• _DATA_:
+ + + + +
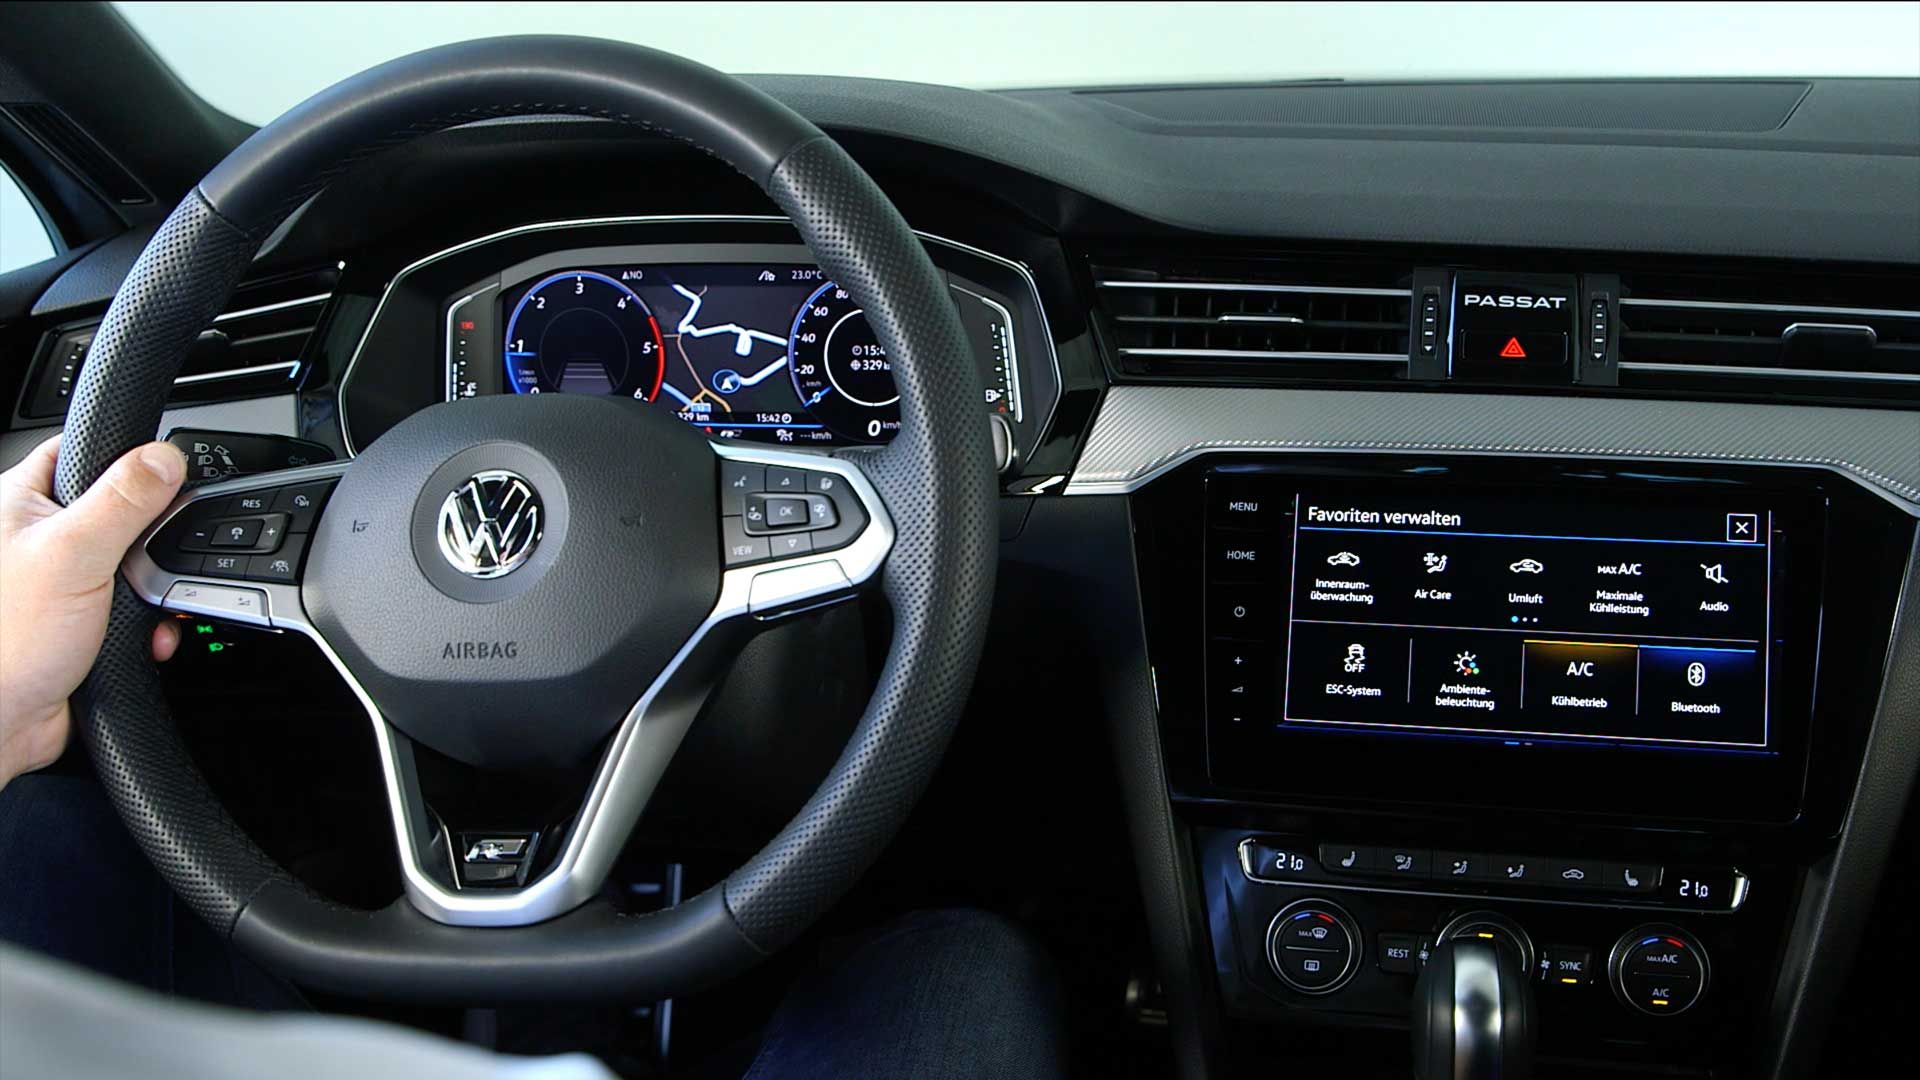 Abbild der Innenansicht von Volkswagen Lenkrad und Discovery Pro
+ + + + +
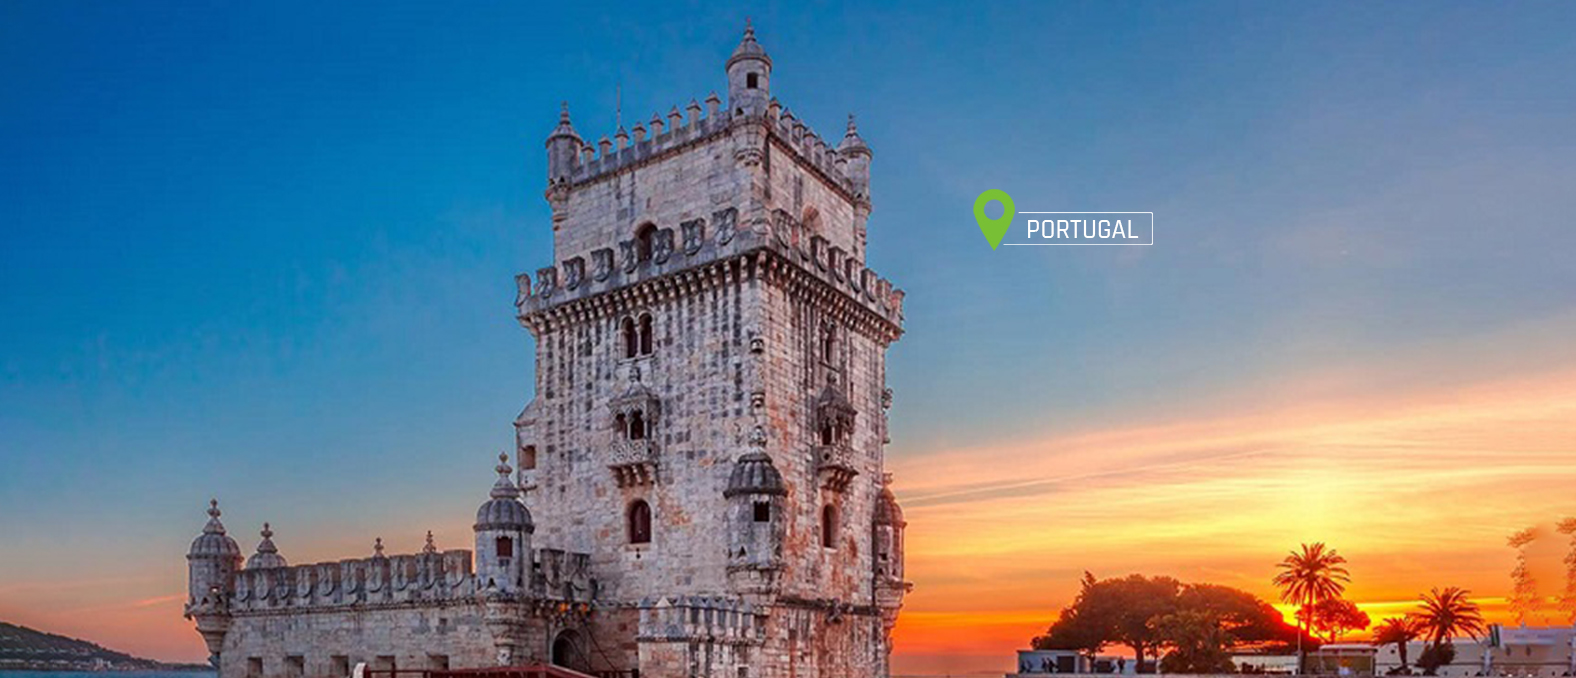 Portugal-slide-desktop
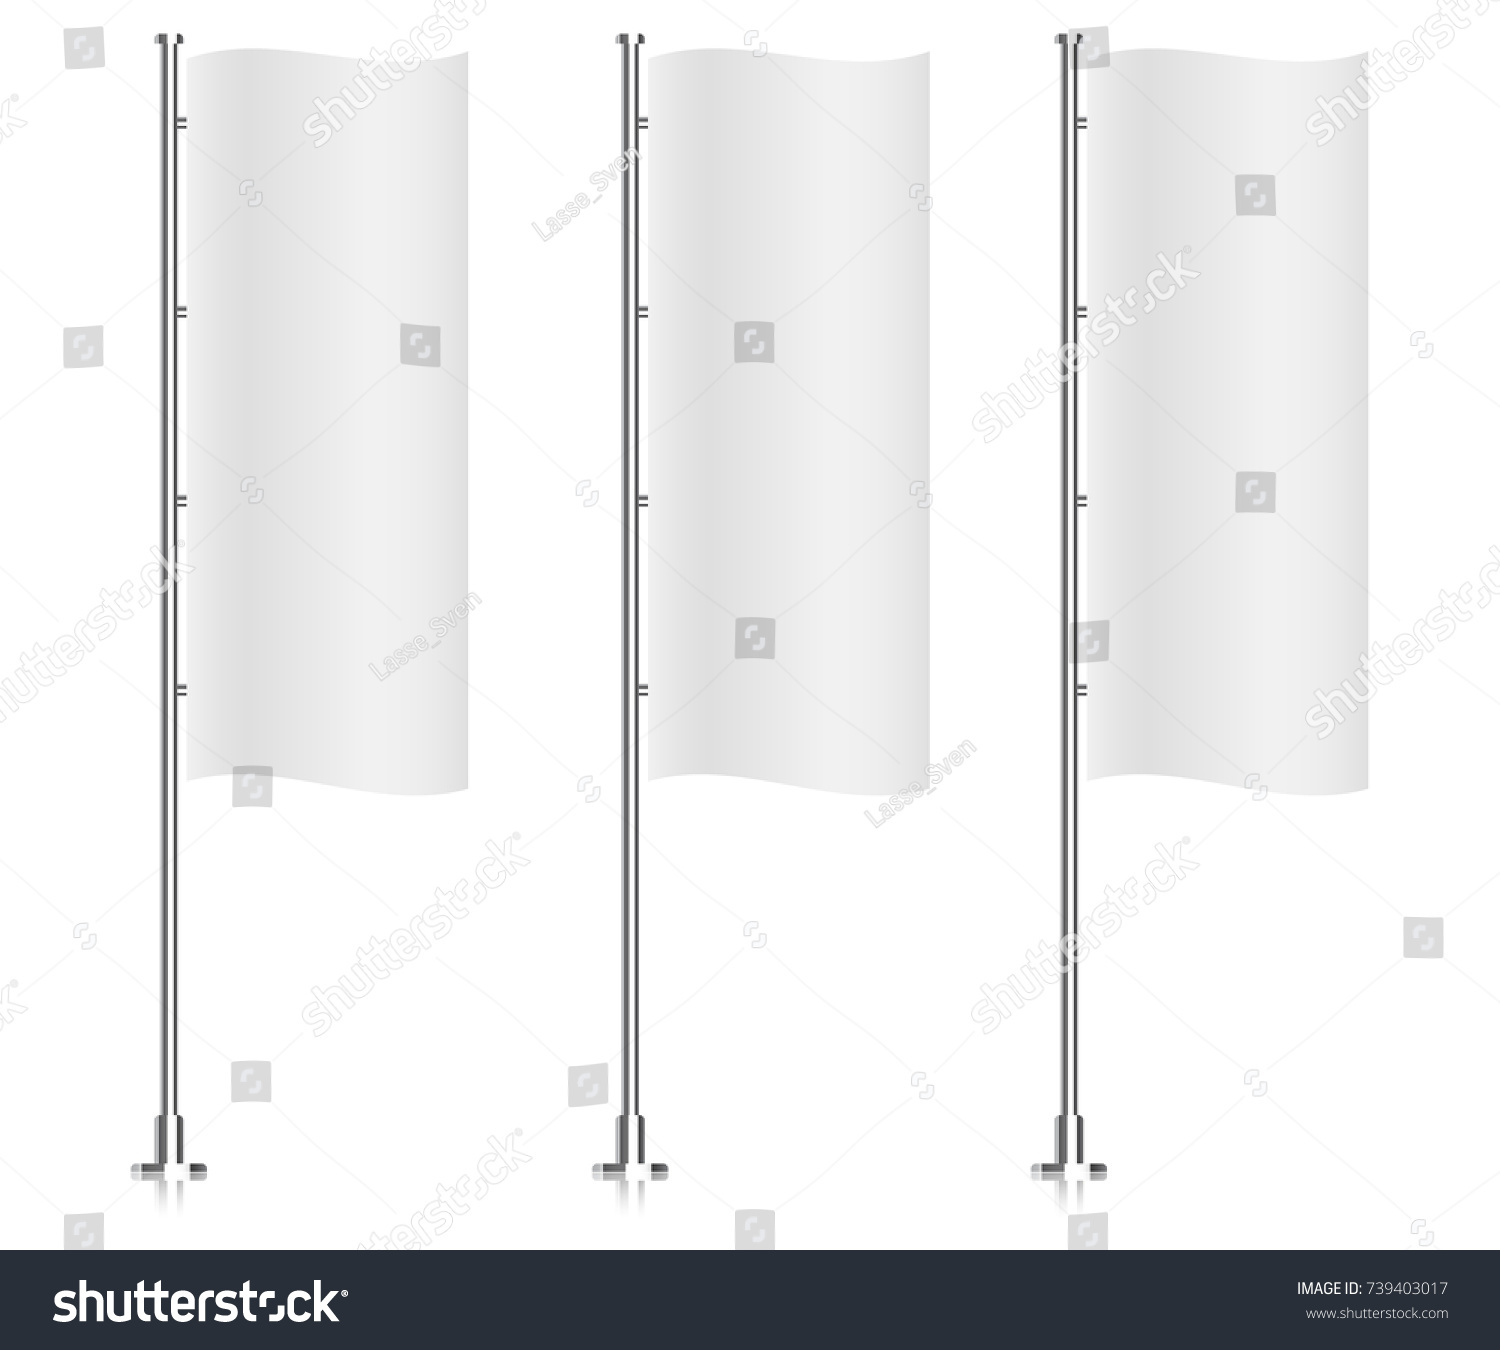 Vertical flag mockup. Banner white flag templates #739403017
+ + + + +
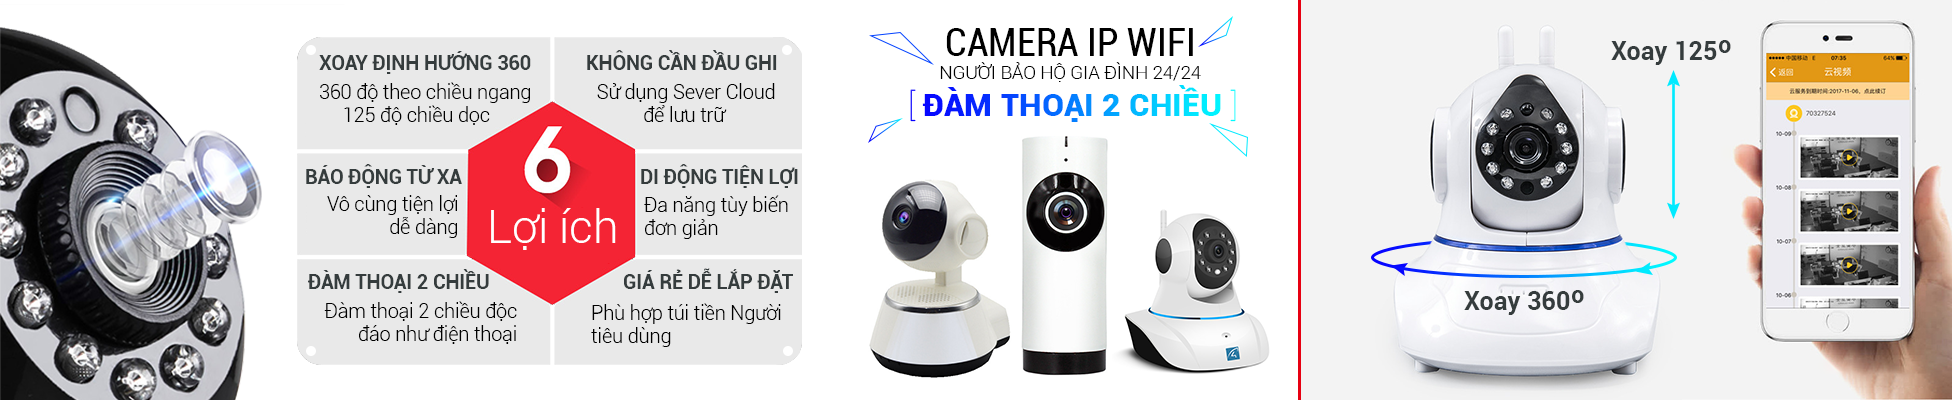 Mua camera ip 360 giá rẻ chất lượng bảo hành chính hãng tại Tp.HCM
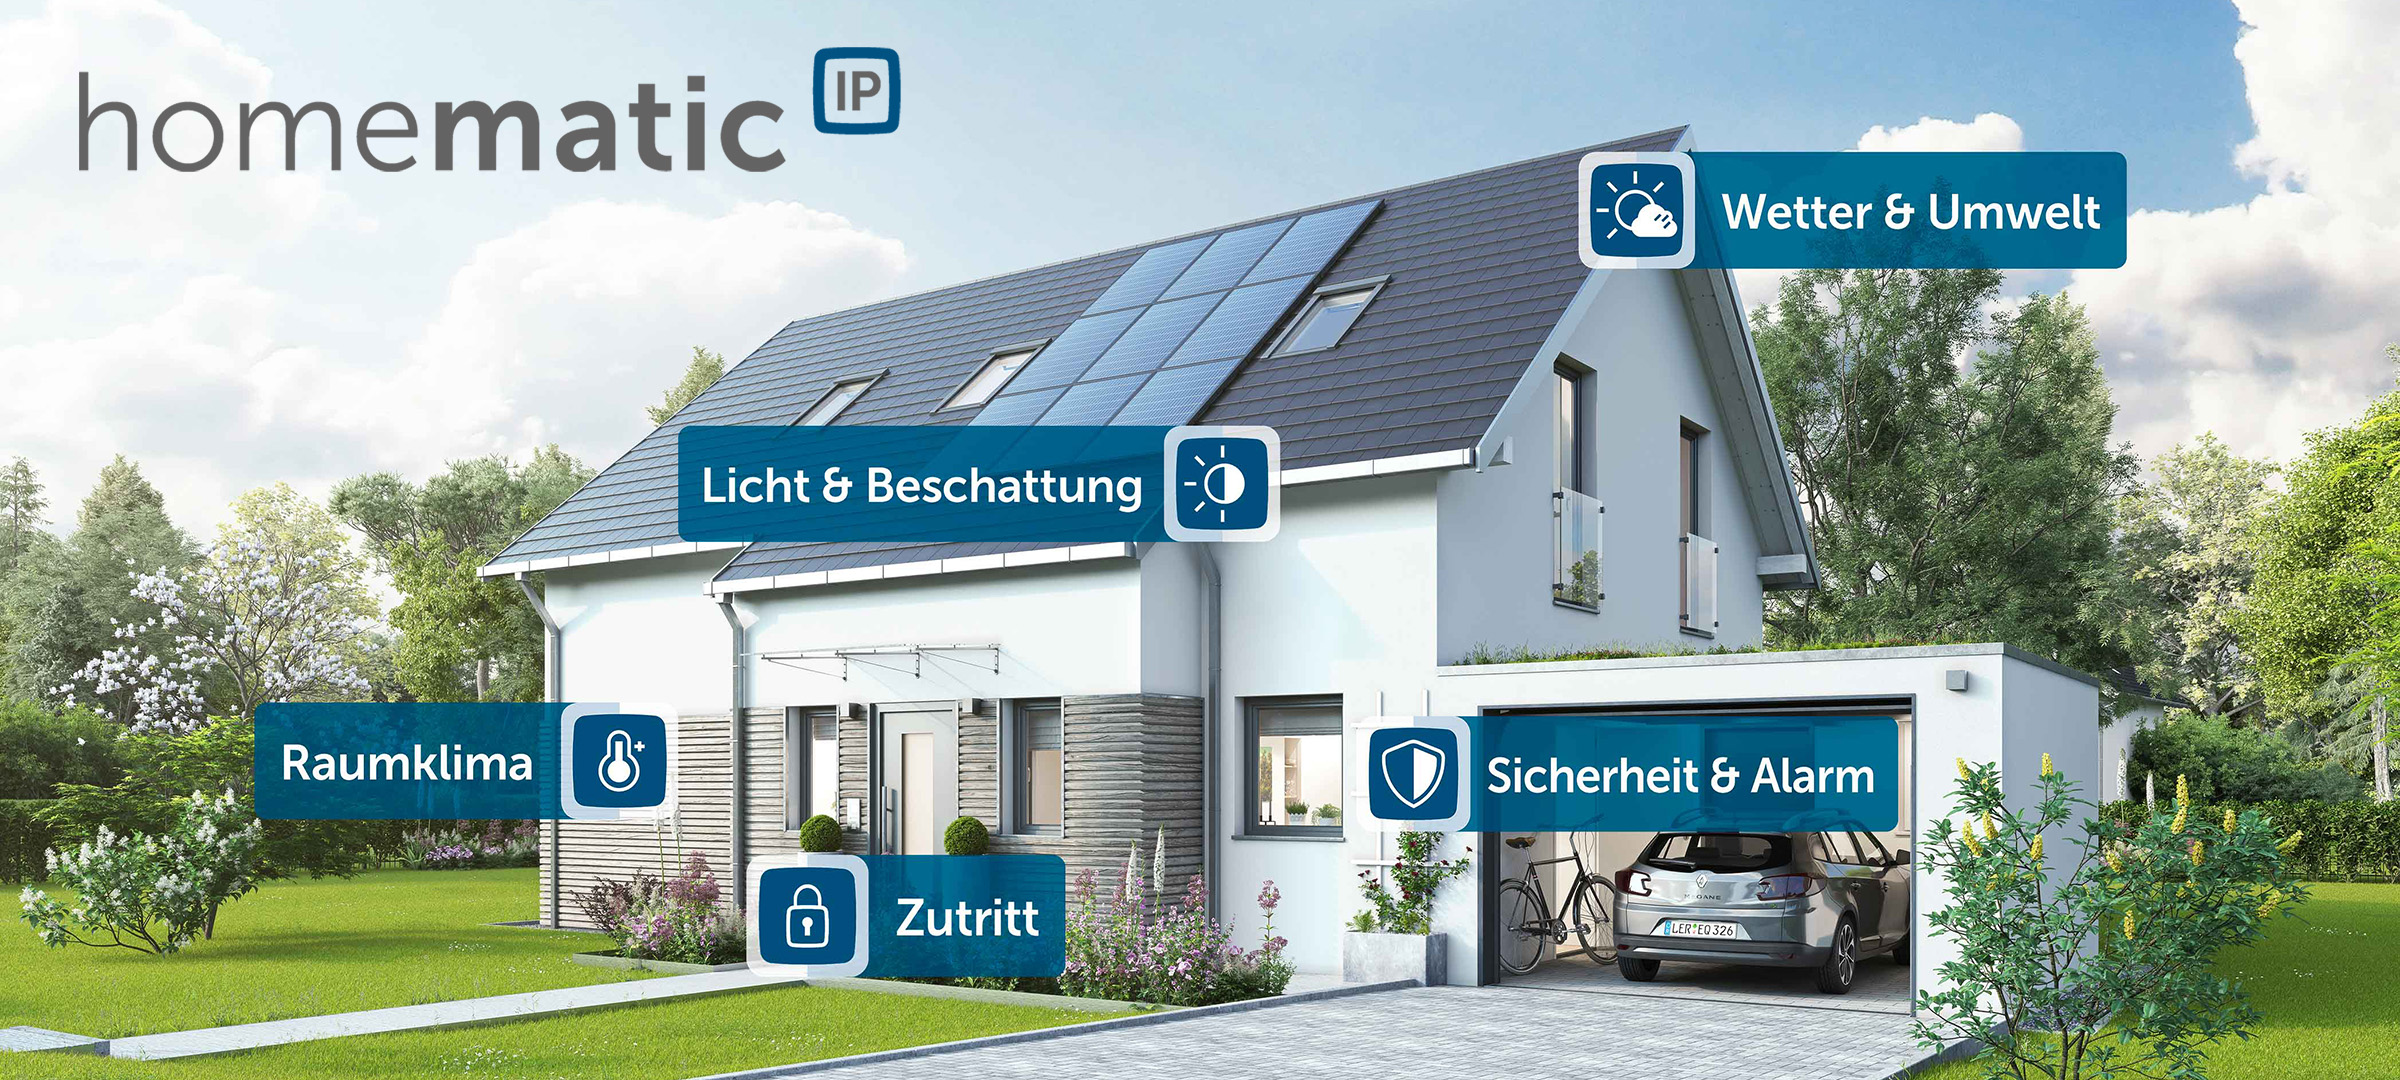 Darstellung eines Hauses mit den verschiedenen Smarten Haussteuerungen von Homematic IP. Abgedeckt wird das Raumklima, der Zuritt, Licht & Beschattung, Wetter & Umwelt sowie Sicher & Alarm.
+ + + + +
With the pictures left out, write out exactly the lines above from the one containing "Portugal-slide-desktop" through the one containing "Vertical flag mockup.".

 Portugal-slide-desktop
 Vertical flag mockup. Banner white flag templates #739403017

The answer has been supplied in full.